Have you had a look at anti virus or firewall apps on the Windows machine? Try excluding the Winlogbeat folder. This worked for me.

IMO: I do not believe the documentation is aimed at enterprise solutions and I think certs are best served by an existing CA within your network. Manually copying and moving certificates is clumbersum.

Logstash or Elasticsearch and encryption? Not sure what your set-up is and I'm new to this myself but I was advised to send Windows beats direct to Elasticsearch on the ELK stack. However yet to get that working because I am stuck in template hell! The reason why I mention it, is because I think this can use HTTPS. https://www.elastic.co/guide/en/beats/winlogbeat/master/securing-communication-elasticsearch.html

Paul

Hey Paul,

thanks for your answer.

After some more troubleshooting, I found out that the problem was with ssl_verify_mode in my logstash config. I have set it to force_peer and it somehow doesn't like my settings. Probably something not resolving or I have to add something like the IP or something to the client certificate. If I set it to just "peer" it works. Yey.

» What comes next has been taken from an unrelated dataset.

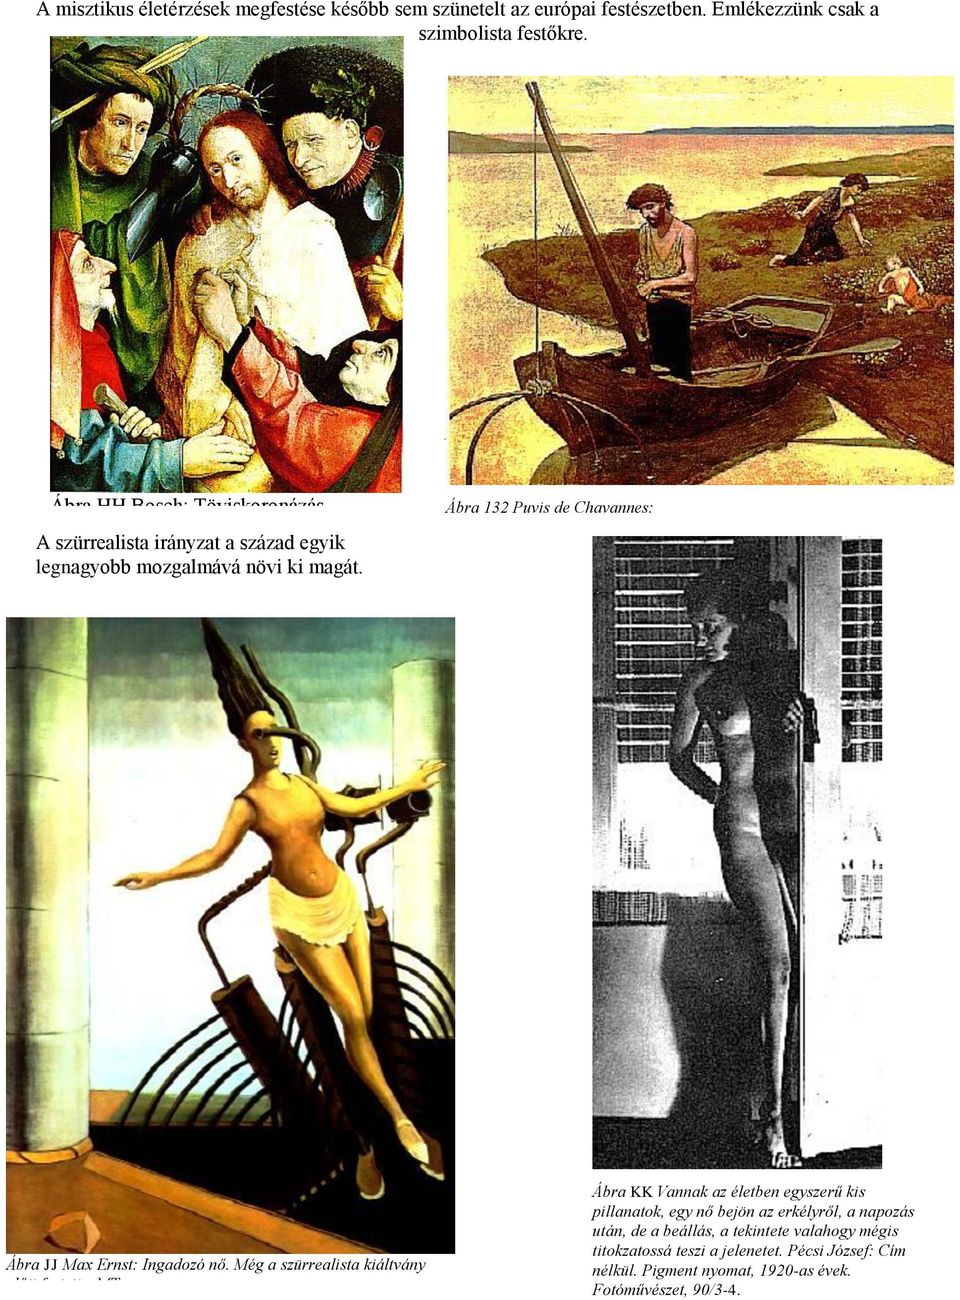 Ábra 132 Puvis de Chavannes: Ábra JJ Max Ernst: Ingadozó nő. Még a szürrealista kiáltvány előtt festette.

I don't quite understand what the difference regarding the certificate checking between the settings "force_peer" and only "peer" is.

Kind regards,
Uros

No problem Uros glad to know that you fixed it. Any chance of sharing your logstash config? I haven't come across the "peer" setting yet, might be good to share.

There are 3 different modes for client auth. 'none', 'peer' and 'force_peer'. The 'peer' option is kind of optional, but ignores client_authentication at will.

I think the jruby SSL implementation has a bug not correctly verifying certificates if intermediates are used.

@steffens: So, if I set it to peer it will not use SSL client authentication, but the transport is still encrypted. Not quite the solution I was looking for. I need to have client authentication working. I will try to set up my own CA (without any intermediates) and test the config with new certs and force_peer.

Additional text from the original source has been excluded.